先週、カトリック教会とプロテスタント教会の葬儀に中1日空けて参列することになった。神様のご計画に涙した私であった。
天に召された二人の友(91才と77才)は、家族で一人だけのキリスト者だった。生前、彼女たちは教会で葬儀をするようにと子供たちに託していた。両家とも「家族葬」との案内だったが、参列後の私の気持ちは、随分違った。葬儀式をする司祭と牧師は同世代だったが、それぞれのキリスト教での”死”への見解が違うことも当然ではあるだろうが、いろいろ考えさせられた私である。
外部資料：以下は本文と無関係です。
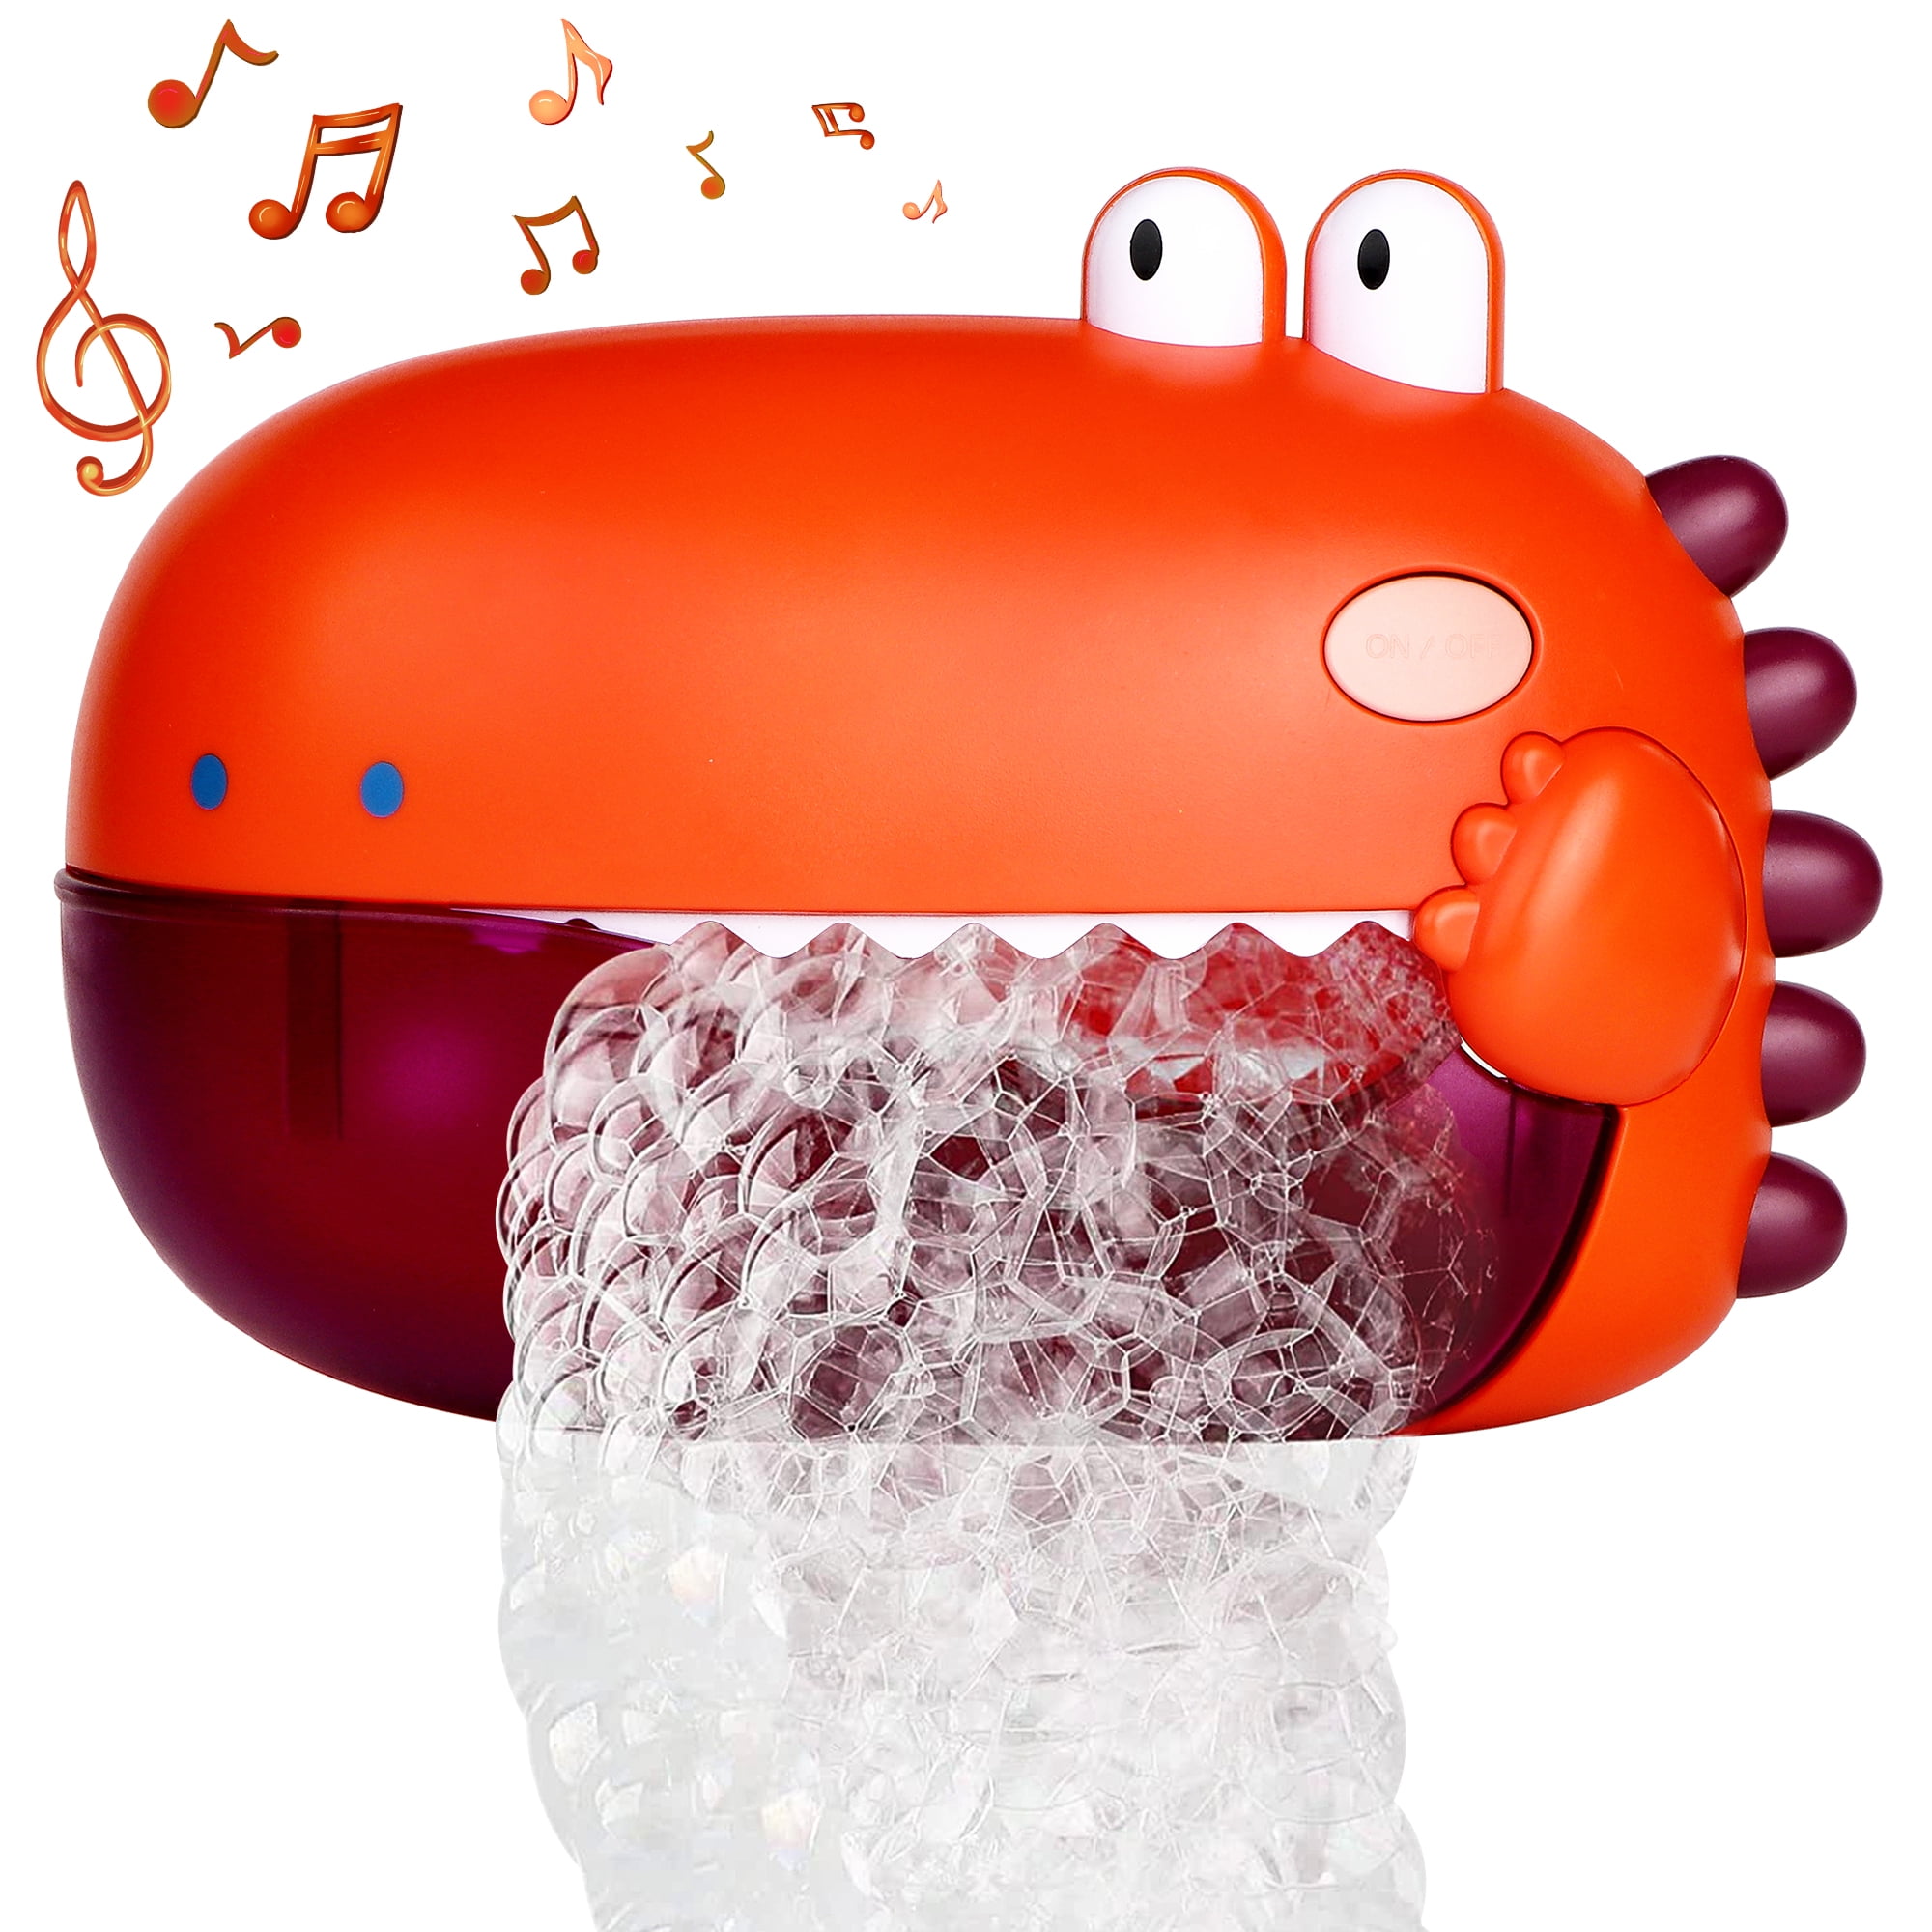 Toddlerino Bath Bubble Maker Toys - Bathtub Bubble Machine for

最近、カトリック教会では若手(60歳代まで?)と言われる司祭方の説教や黙想会の中での話から共通して感じることがある。司祭自身が持つ、”司祭像”が変わってきているのではないか、ということだ。(信徒が持つ、”司祭像”が変わってきていることは、だいぶ以前から感じてはいたのだが)。
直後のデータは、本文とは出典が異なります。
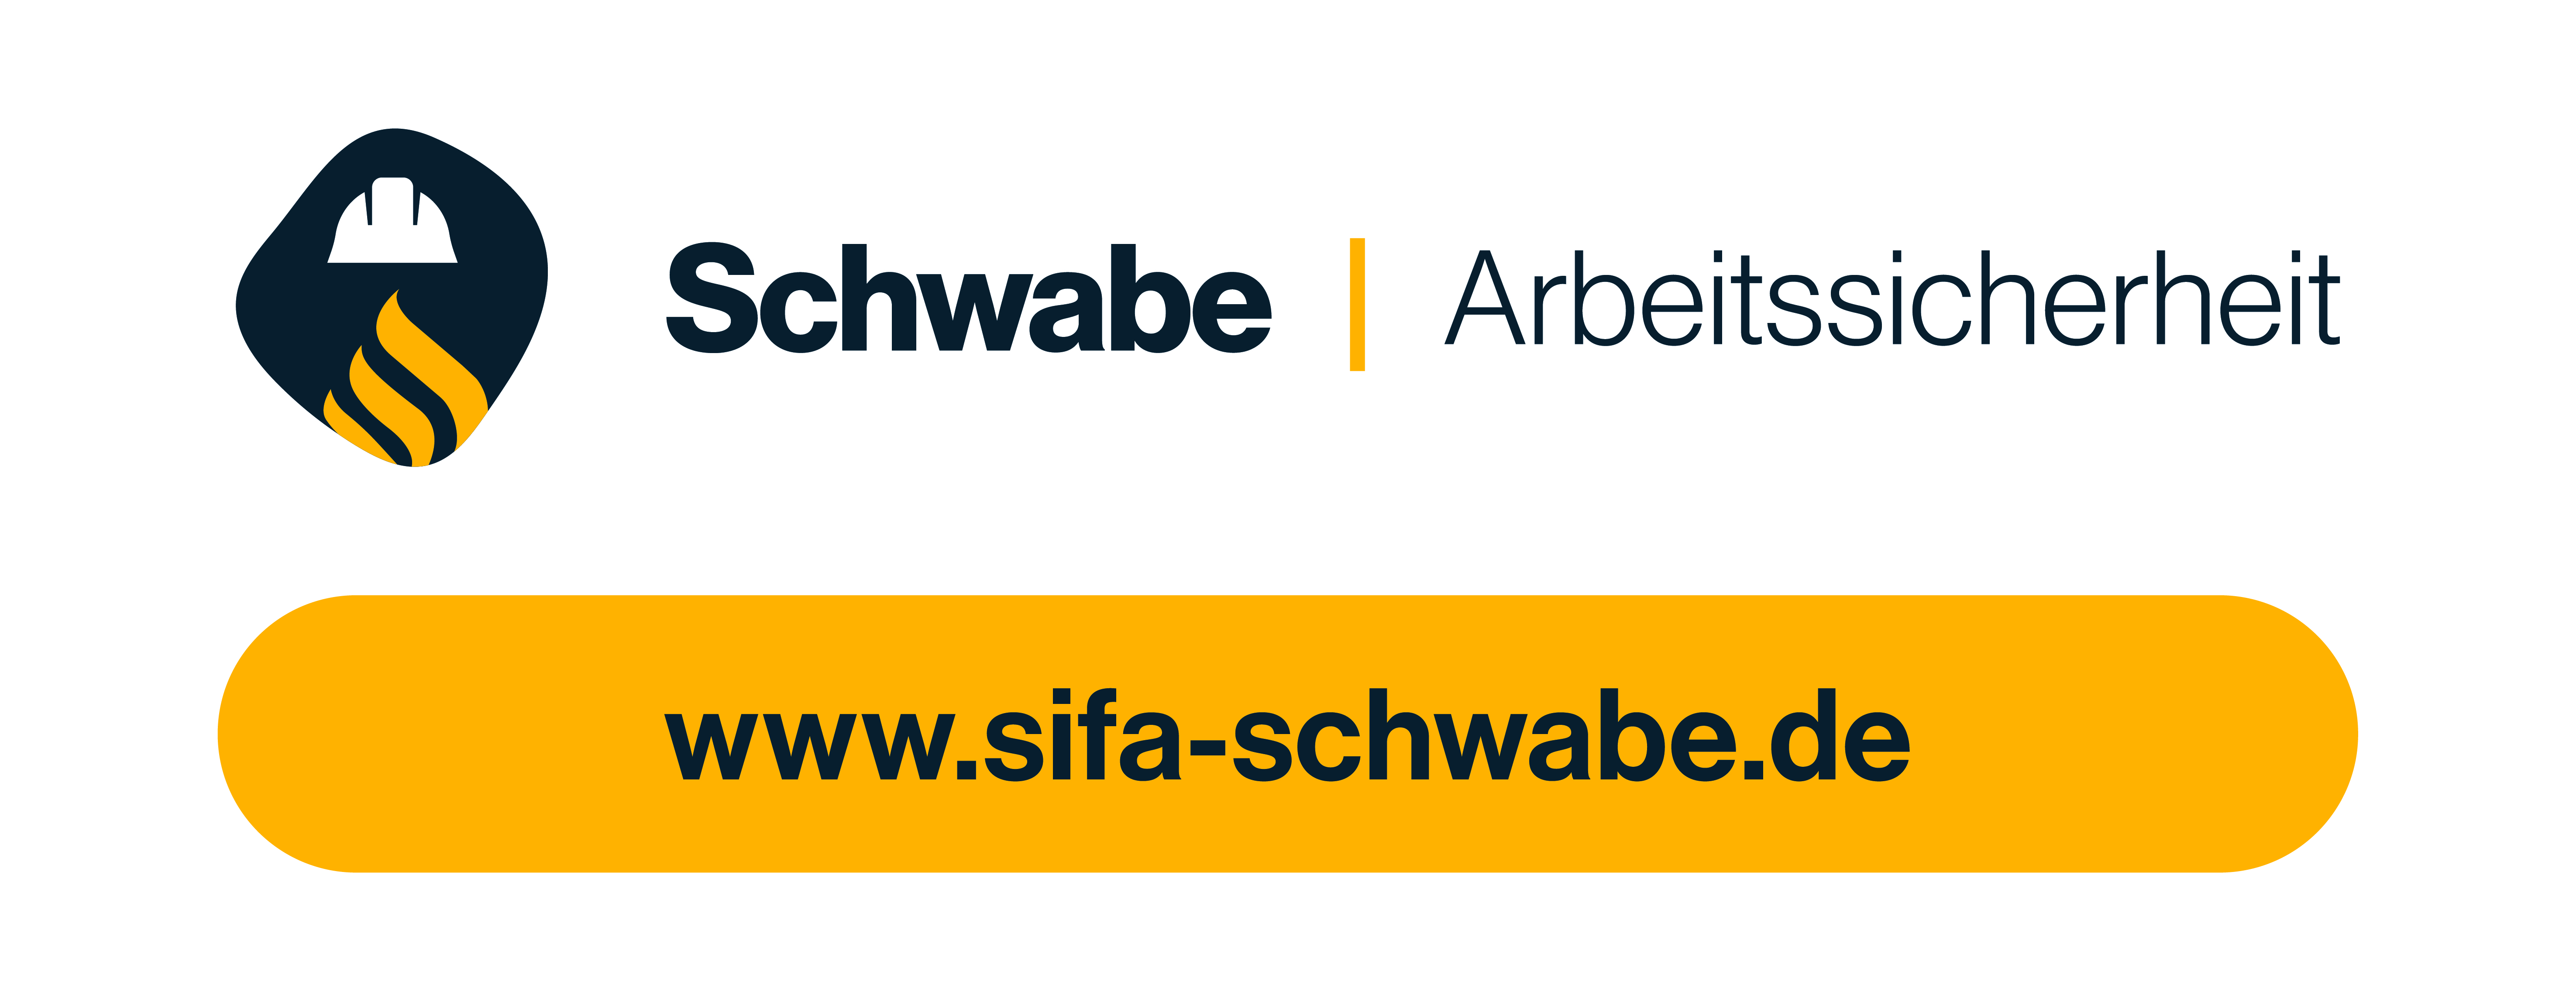 schwabe logo sponsoring b

カトリックの小神学校から司祭の道を歩んできた欧米人司祭が中心だった時代から、現代は社会人を経て司祭召命があった日本人司祭の時代に変わってきている。
「私たちは、三つの相違なる集団、すなわち、(1)カトリック的な集団、(2)キリスト教的集団、(3)非キリスト教的な集団を考察しなければならない」(第二バチカン公会議解説書『世界に開かれた教会』から)。
教皇ヨハネス23世以来、カトリック教会は、実践においても発言においても、この見方を確認している。カトリック教会は一つの時代に決別を告げたのである。世界そのものが、あまたの変化をとげて新時代に突入したというのに、どうして教会だけが古い時代にしがみついていることができようか。世界を揺るがしている大きな変化が、教会にも強い影響を及ぼし、教会自体と世界における教会の使命について反省を促している。キリストのもとに集まる民である教会の反省、転換、刷新は、常に教会の源泉に戻ること、イエズスの福音の純粋さに帰ることでなければならない。
第二バチカン公会議を終えて今年で60年である。カトリック教会は20世紀半ばの第二バチカン公会議を境に大きな様変わりを経験したというが、その歴史的転換期の様子を私は知らない。公会議は、ローマ聖座と一致した司教たちの会議だ。司教=教区長として各々の小教区の状態を知らなければ、公会議に参加する意味がないだろう。
日本の全ての司教様方を存じていない私であるが、未来の教会を憂い行動に移した方は、タイプは違うが今は亡き森一弘司教と溝部脩司教のお二人だ、と私は勝手に思っている。1970年以降からの教会は、高齢化に加え、若者の教会離れが加速している状態が今も続いている。溝部司教は説教集の中で罪について教区長として自分について語っておられる。
「私が高松教区の司教として困難に遭遇し、いろいろな反対を受けるとしましょうか。そのとき、『まあ、しょうがないか』とすべてを投げ出し、『まあ、なるがままになるさ』と、これぐらいのやり方で、教区そのものを駄目にしてしまうとしましょう。活気のない、もう、見るからに立ち上がることのできない教区にしてしまう」
「そのとき、私に罪はないのでしょうか。そのとき、神の恵みを信頼して、信じて、そして、どんな困難があっても立ち上がって働かなければいけない、というところに至らなかった、その点において私は罪深い、と考えなければいけないのです」
「私がその決心をすることができなかったために、高松教区は、活気のないつまらない、難しい教区になっていったとしたら、私は自らの罪をやはり悔いると思いますし、一生をかけて償わなければならないことになります。罪を考えるときは、いつでもこのように相手の立場に立って考え、自らを振り返る、こういう視点が必要です」(溝部司教の『聖霊の息吹を受けて』 2004年10月31日の説教より抜粋)
・・・・・・・
森司教と溝部司教は、その時だけの自分の安泰だけを望まれてはいなかった、と私は確信している。お二方の共通点は感覚が若く、ビジョンと共に先見の明を持っておられた、ということだろう。それ故に、下の世代の私たちの意見を真剣に聞いてくださり、見放すことなく叱咤激励してくださった”人間司教”としての器の大きさには感謝と尊敬の念しかない。
人としての生き方を知らないなら、聖職者として生きていくことは難しいのではないだろうか。互いに理解するためには、”確かな愛”が必要だろう。キリスト教的集団の中におられたイエスは一人の人間として生きられたのではないか…。
最近の私は、「この愛を永遠に信じたいのです…」と、人間イエスに日々伝え、問いかける日々を送っている。こんな私を神様は全てご存じだろう。